We’ve left the Generative AI era and entered the Agentic AI era.
The models have gotten so good at tool calling in a loop that they can do something qualitatively different.
Chatbots are from the Generative AI era.
They can do agentic things, but almost as an accidental bonus.
Tools like Claude Code are fundamentally agentic.
They look kind of like a chatbot, but that’s incidental.
A couple of years ago people tried to wrap LLMs and create agents, but it was premature.
The model quality wasn’t there yet.
So they concluded it wasn’t possible.
But it just wasn’t ready yet.
Now it is.
The chatbot form factor is not enough to convey that power.
Great distillation from HBR: AI Doesn’t Reduce Work—It Intensifies It.
By taking away the cognitive labor, work becomes more pure.

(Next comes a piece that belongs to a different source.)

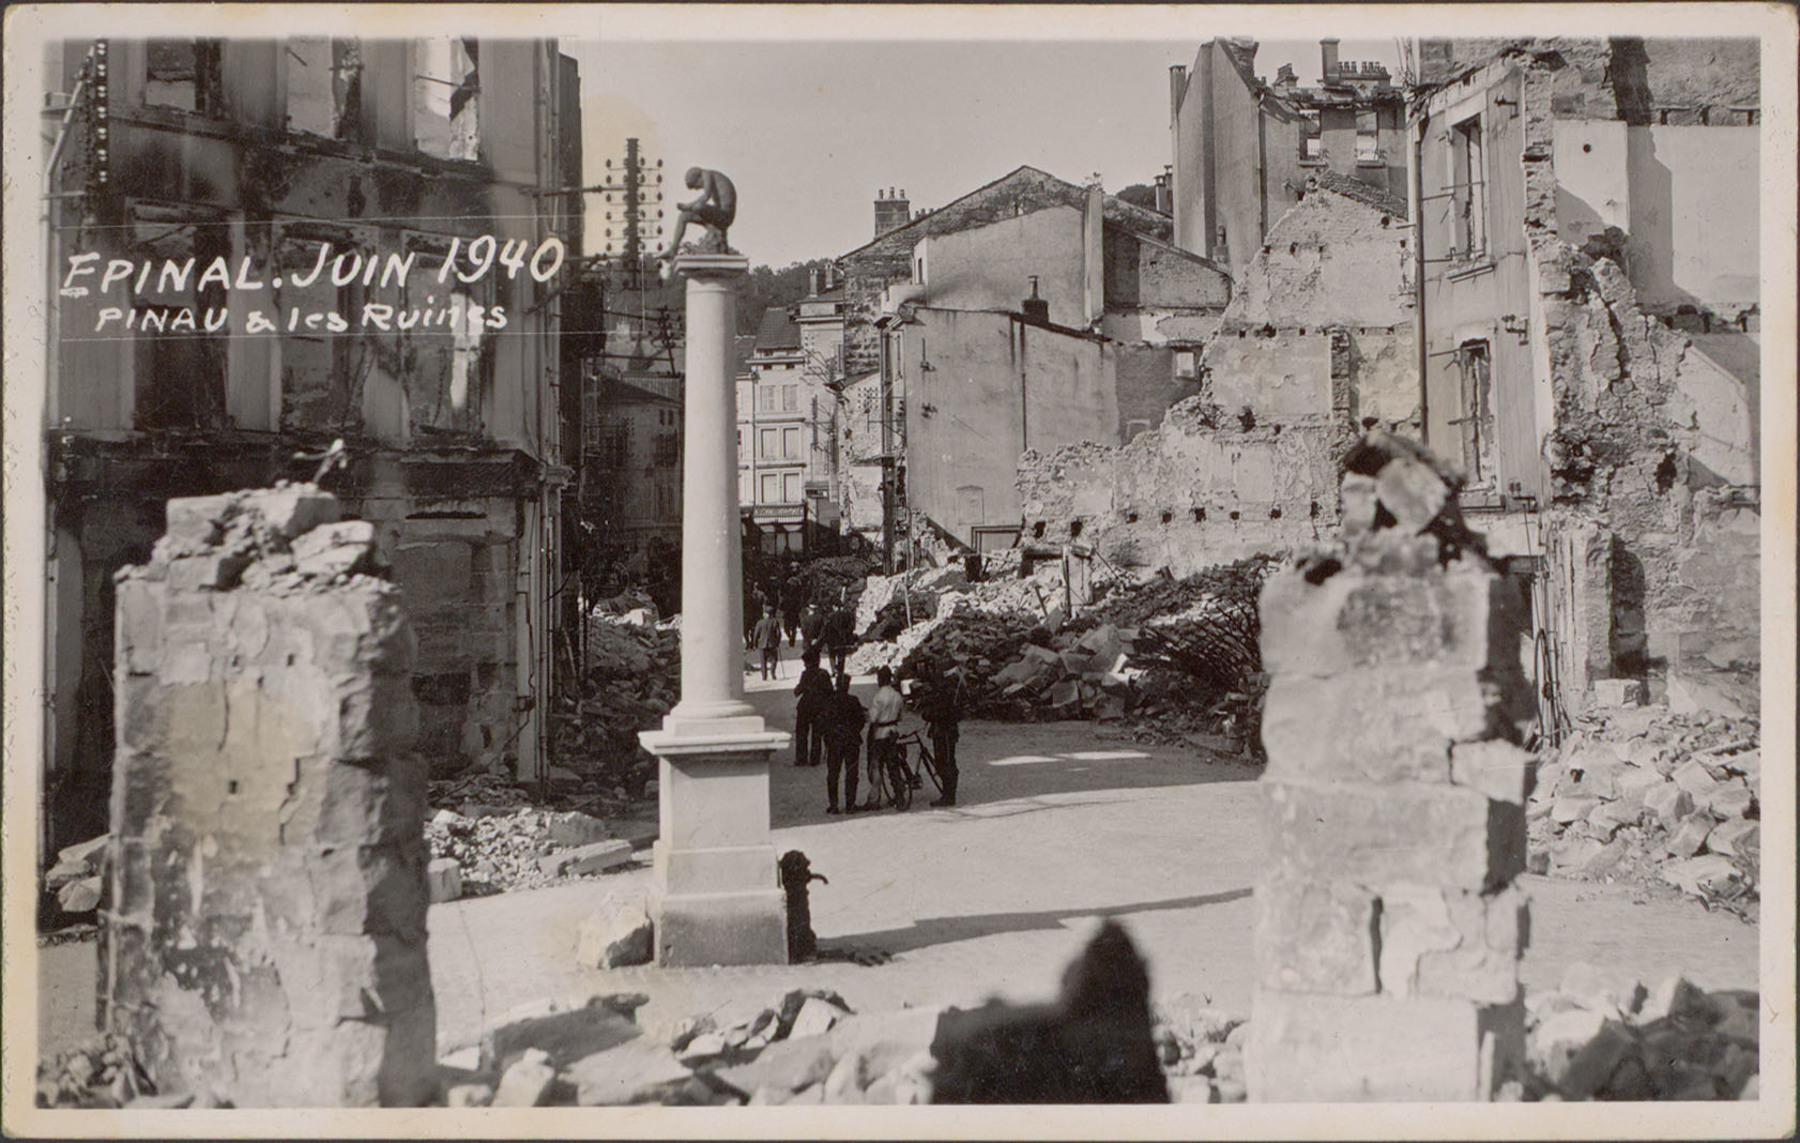 Contenu du Épinal, Juin 1940, Pinau & les Ruines

Focused on the parts that are where judgment is deployed.
High leverage.
Intense.
When you have abundant cognitive labor at your fingertips, it’s overwhelming.
It’s giddy and exciting, but also a lot.
Suddenly you realize that your opportunity cost is orders of magnitude higher than before.
Every second you aren’t feeding your agent swarm is huge amounts of value you aren’t creating.
You also know that others who are doing it will lap you.
The infinite possibility creates a red queen race.
Engineers are feeling the impact of Agentic AI before everyone else.
It’s leading us to feel manic: euphoric, productive, overwhelmed, like vampires.
This is what the rest of humanity will feel sometime soon too.
People are willing to do crazy things to claw some time back.
If it gives you 3 more hours a day, it can feel worth it, even if it’s reckless.
OpenClaw is the first AI agent that lives up to the hype.
That is, assuming you don't care about security, privacy, or not getting hacked.
It’s this generation’s LimeWire.
Two new classes of engineers created by AI: Dragon Riders and Slop Cannons.
Dragon Riders can tame the gnarliest problems and do 100x more than other engineers can.
Slop Cannons make even more work for everyone else than ever before.
AI gives leverage, so it multiplies your inherent ability as an engineer.
Your judgment and taste matters more than ever before.
Being a Dragon Rider requires jumping between many different things quickly.
The inability to focus on any one thing is now more of an advantage than it was before.
Credit to Dimitri and Dion for these ideas.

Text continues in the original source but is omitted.